Dataset used for ACL 2012 Student Research Workshop paper
Several approaches have been proposed for the automatic acquisition of multiword expressions from corpora. However, there is no agreement about which of them presents the best cost-benefit ratio, as they have been evaluated in distinct datasets and/or languages. To address this issue, we investigate these techniques analysing the following dimensions: expression type (compound nouns, phrasal verbs), language (English, French) and corpus size.
This directory contains the results of the evaluation/MAP for each tool and each configuration, as well as the execution times of each step of each tool. It also contains the corpora from which the candidates have been extracted, the references used for evaluation, and the scripts used to run the experiments.
More details and result analysis can be found in the paper:
Carlos Ramisch, Vitor De Araujo and Aline Villavicencio. 2012. A Broad Evaluation of Techniques for Automatic Acquisition of Multiword Expressions. In Proceedings of the ACL 2012 Student Research Workshop, Jeju, Republic of Korea, Aug. ACL.

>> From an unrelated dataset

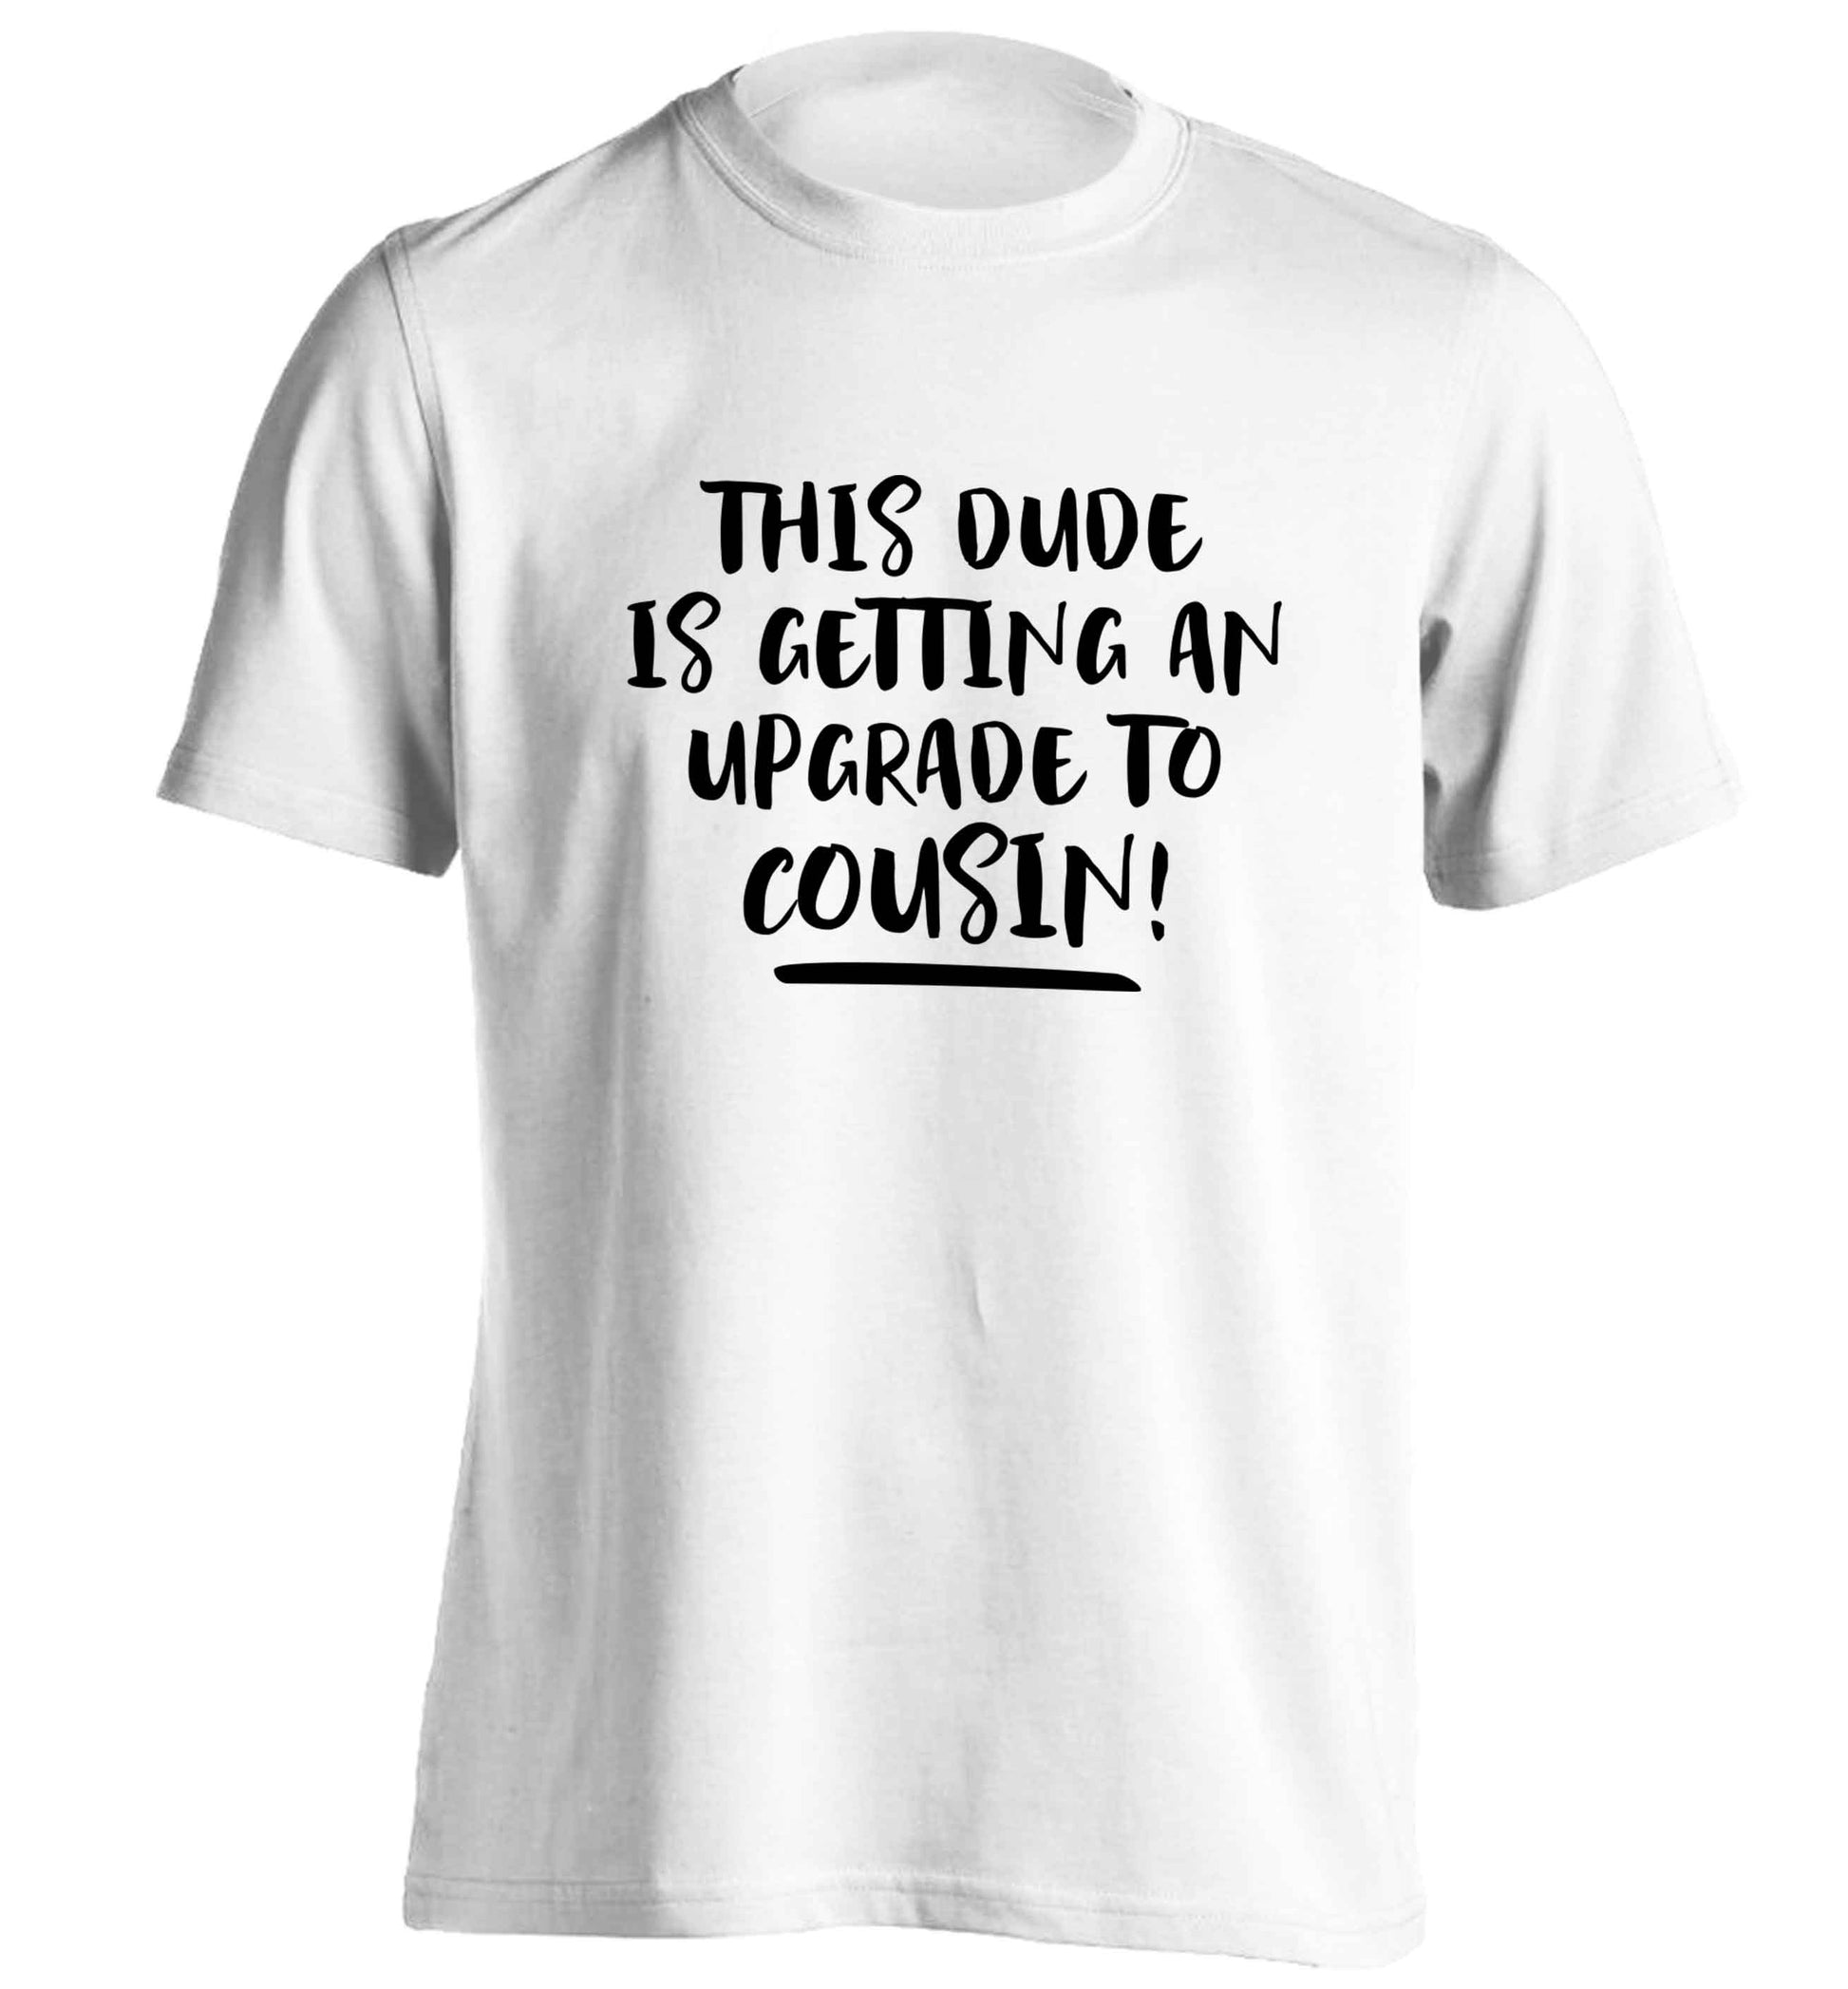 This dude is getting an upgrade to cousin! adults unisex white Tshirt 2XL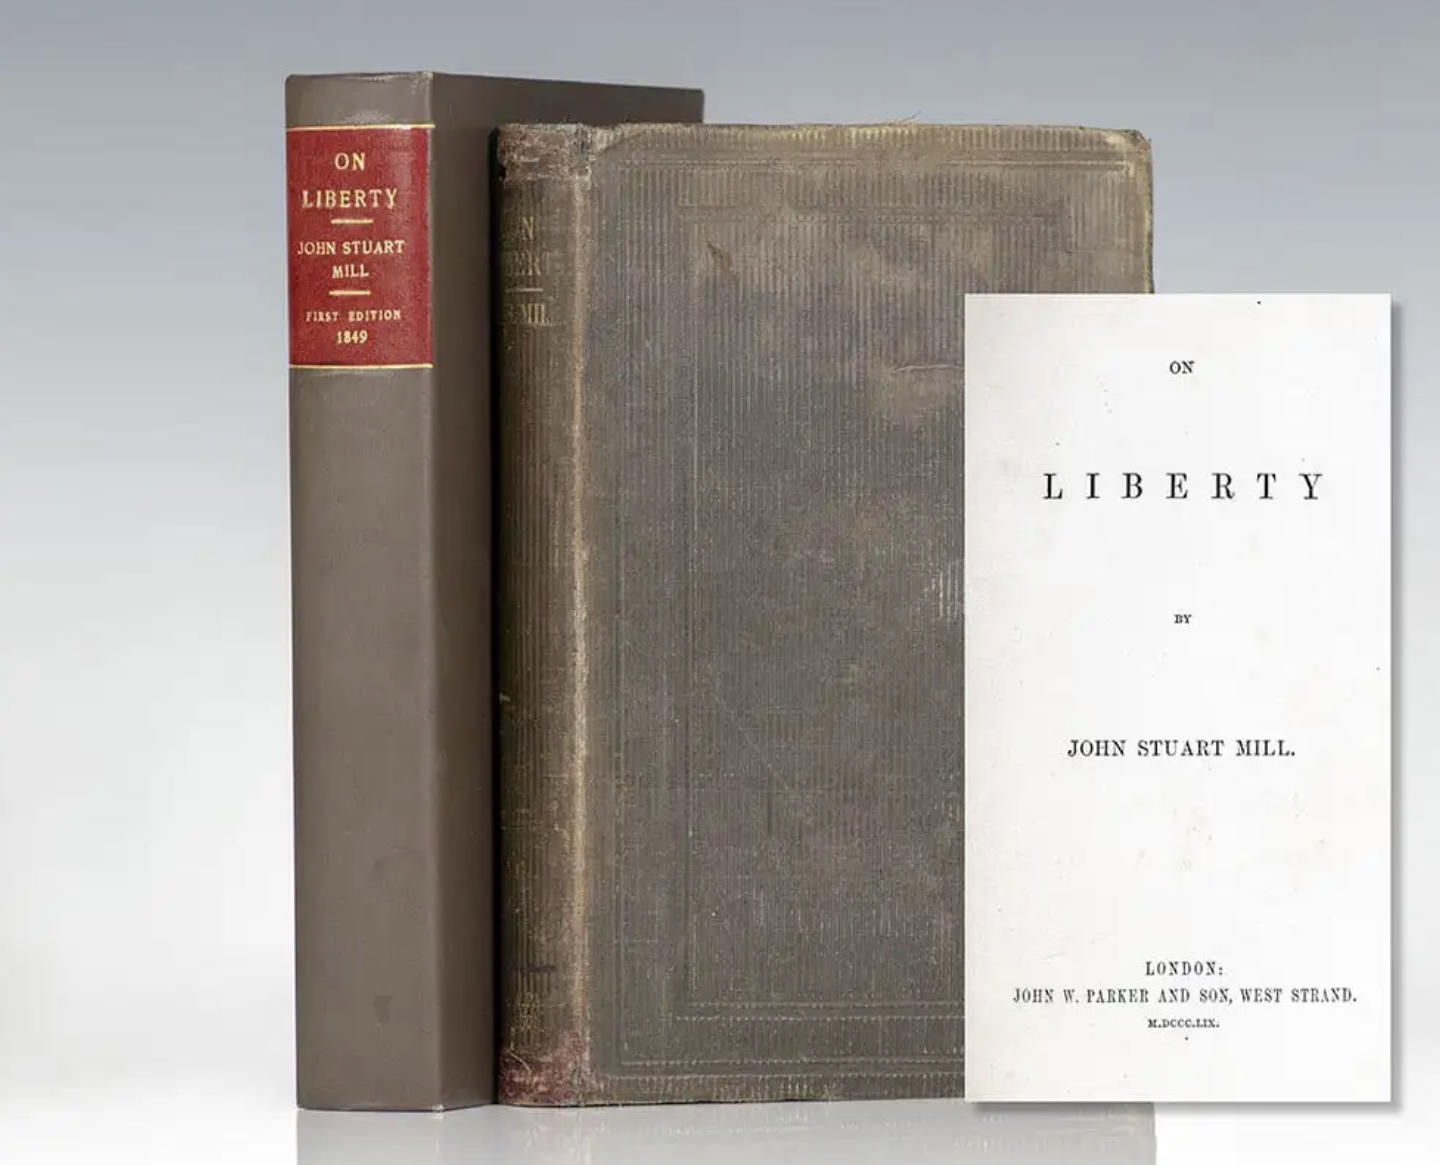 Analyzing John Stuart Mill’s On Liberty in Contemporary and Secondary Contexts

/runEval.shThis will generate directories with the results for each tool (localmaxs/, mwetk/, nsp/, ucs/), as well as a times/ directory containing the execution times for each step of execution of each tool. This will take around 24h to complete, depending on the computer.
./timetable.shThis script will collect the time information generated by runEval.sh, as well as the evaluation/MAP information, and print it.
./intersections.shThis script generates tables of the number of candidates that are common for each pair of tools, one table per corpus size, candidate type (noun compound or verb-particle), and language (en or fr).